• Financing led by Novartis Venture Fund and Forbion, with new investment from Omega Funds, Droia Ventures, YK Bioventures, and Digitalis Ventures
• Renewed backing from Vida Ventures, MPM BioImpact, Lightspeed Venture Partners, and Scripps Research

Protego Biopharma, Inc., a clinical-stage biotechnology company dedicated to pioneering first-in-class small molecule therapeutics that reprogram protein folding to address systemic amyloid diseases and other protein misfolding disorders, today announced the completion of an oversubscribed $130 million Series B financing.

The round was led by Novartis Venture Fund and Forbion, with participation from new investors including Omega Funds, Droia Ventures, YK Bioventures, and Digitalis Ventures. Existing investors, including Vida Ventures, MPM BioImpact, Lightspeed Venture Partners, and Scripps Research, also participated, underscoring their continued conviction in the Protego approach. The round also reflects the active engagement of Ed Hurwitz, Executive Chairman, alongside Chris Weyrer, M.D., Ph.D., Principal at Vida Ventures and Acting Chief Business Officer of Protego, as the company advances its lead program.

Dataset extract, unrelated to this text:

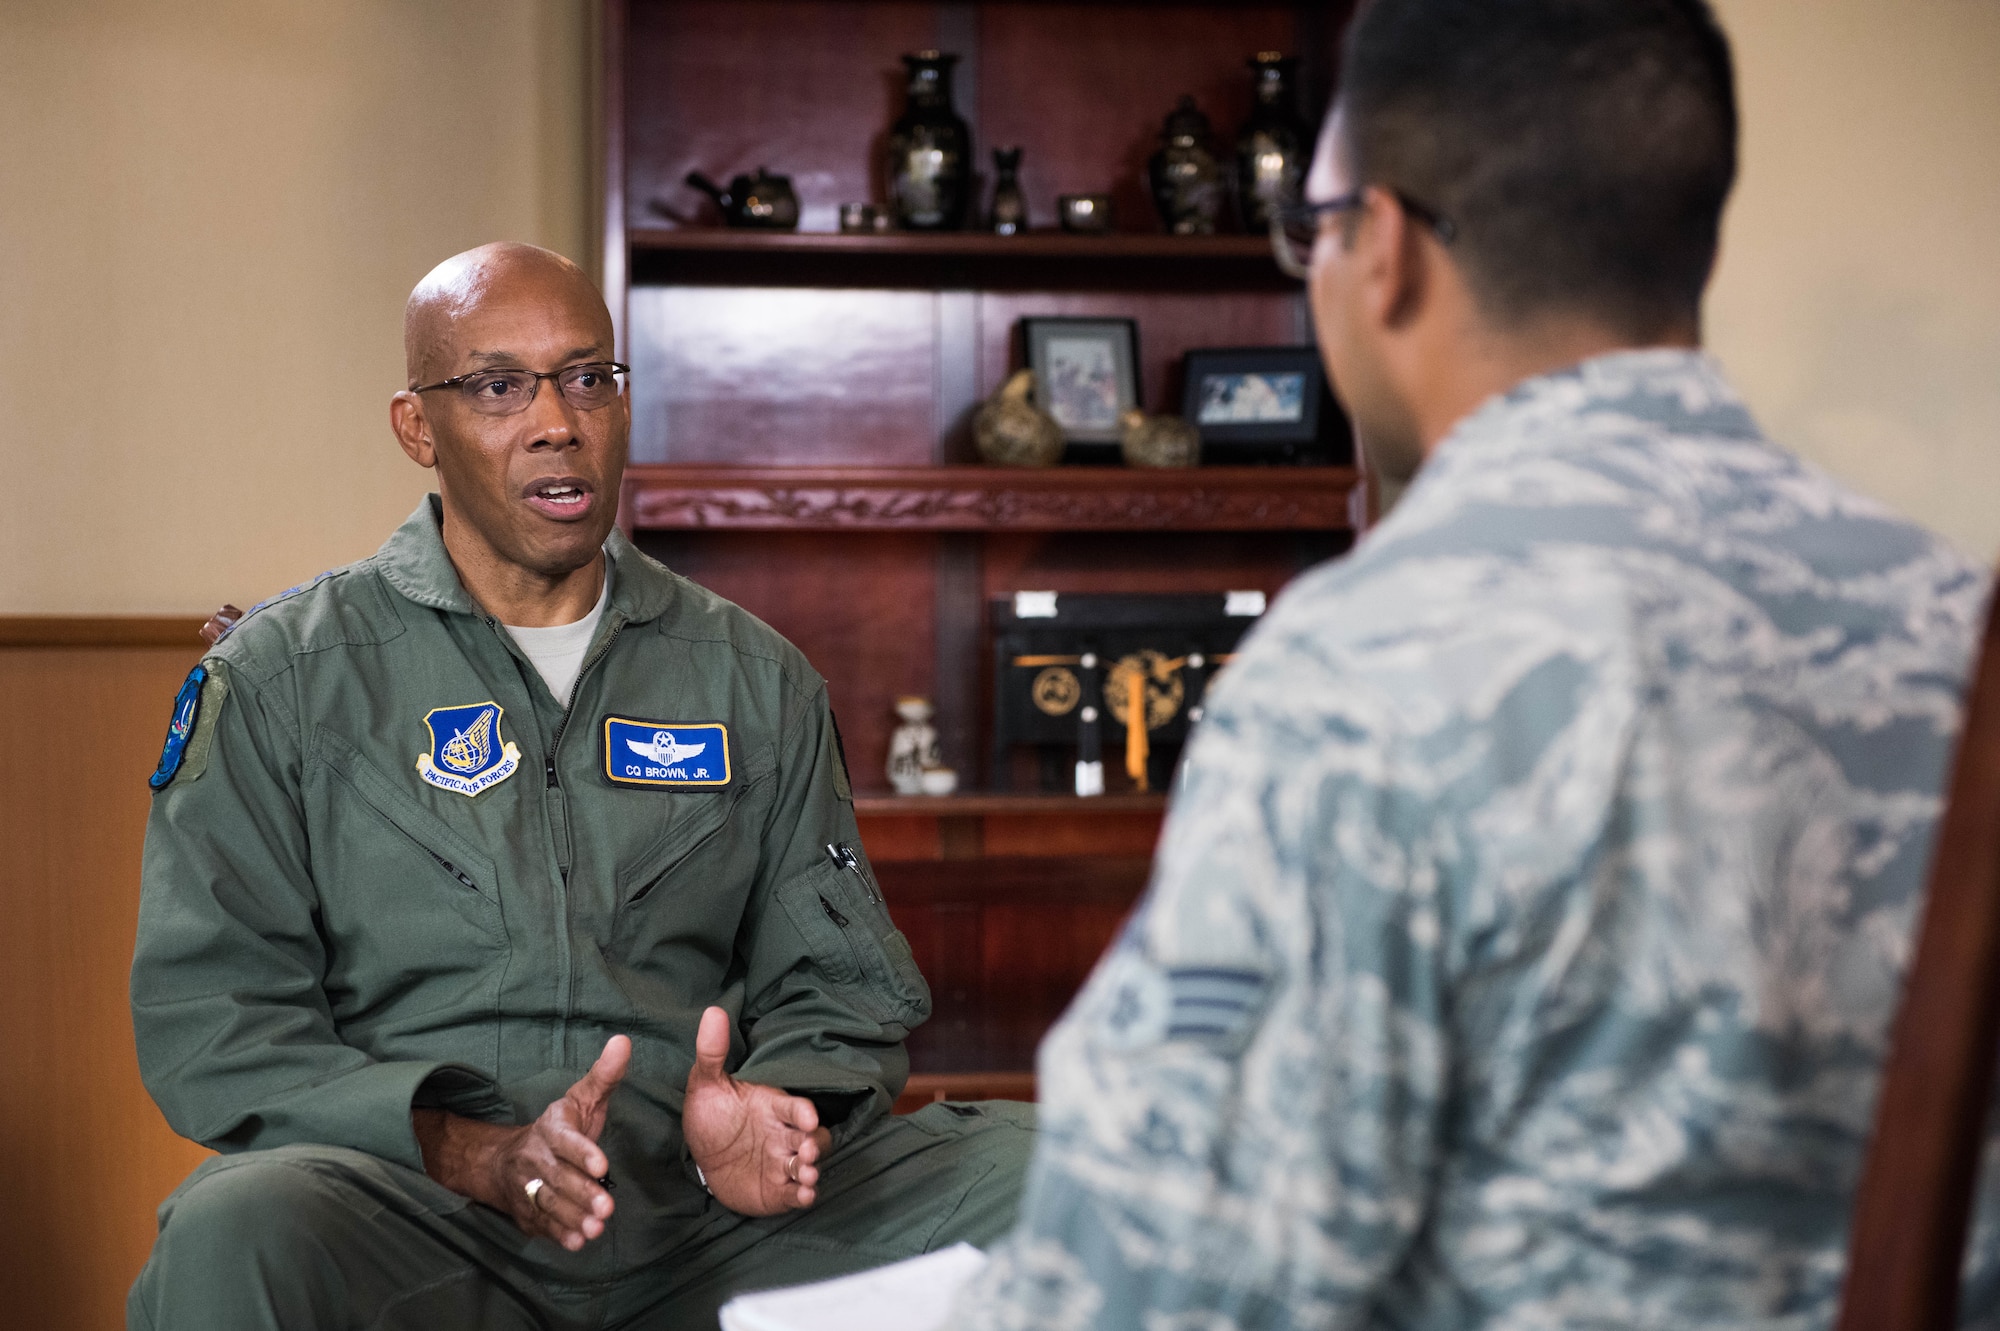 Gen. CQ Brown, Jr., Pacific Air Forces commander, is interviewed by Senior Airman Dhruv Gopinath, American Forces Network Japan, at Yokota Air Base, Japan, Aug. 8, 2018. During the interview, Brown discussed the importance of the U.S.-Japan alliance and the critical role Airmen play in ensuring a free and open Indo-Pacific region. ((U.S. Air Force photo by Staff Sgt. Hailey Haux)

Proceeds will advance Protego's lead candidate, PROT-001, into a pivotal clinical trial for AL amyloidosis, a rare and often fatal condition caused by protein misfolding that leads to organ damage, especially in the heart.

"We are deeply grateful for the steadfast support of our existing investors, who have believed in us through every stage, and we are pleased to welcome leading global investors to join us on this journey. Their confidence underscores the promise of our science and the urgency of our mission," said Brent Warner, Chief Executive Officer of Protego Biopharma. "With the capital raised, we are positioned to advance PROT-001 into pivotal trials, moving closer to delivering the first disease-modifying therapy for AL amyloidosis and offering new hope to patients who currently face devastating outcomes."

Protego's therapeutic strategy is rooted in human genetics and a unique pharmacological chaperone mechanism. These small molecules act as cellular "guides," ensuring proteins fold correctly. By stabilizing immunoglobulin light chains and preventing amyloid buildup, PROT-001 addresses disease at its root cause rather than simply managing symptoms. This approach represents a potential paradigm shift not only for AL amyloidosis, but also for a wide spectrum of protein misfolding disorders with profound unmet needs.

"Protego is advancing a highly differentiated approach with the potential to transform treatment for patients with AL amyloidosis," said Tim Lohoff, PhD, Principal at Forbion. "By targeting the root cause of this severe disease, PROT-001 has the potential to deliver the first truly disease-modifying therapy in this indication. At Forbion, we invest in bold teams turning breakthrough science into tangible medical and commercial impact, and Protego exemplifies that vision."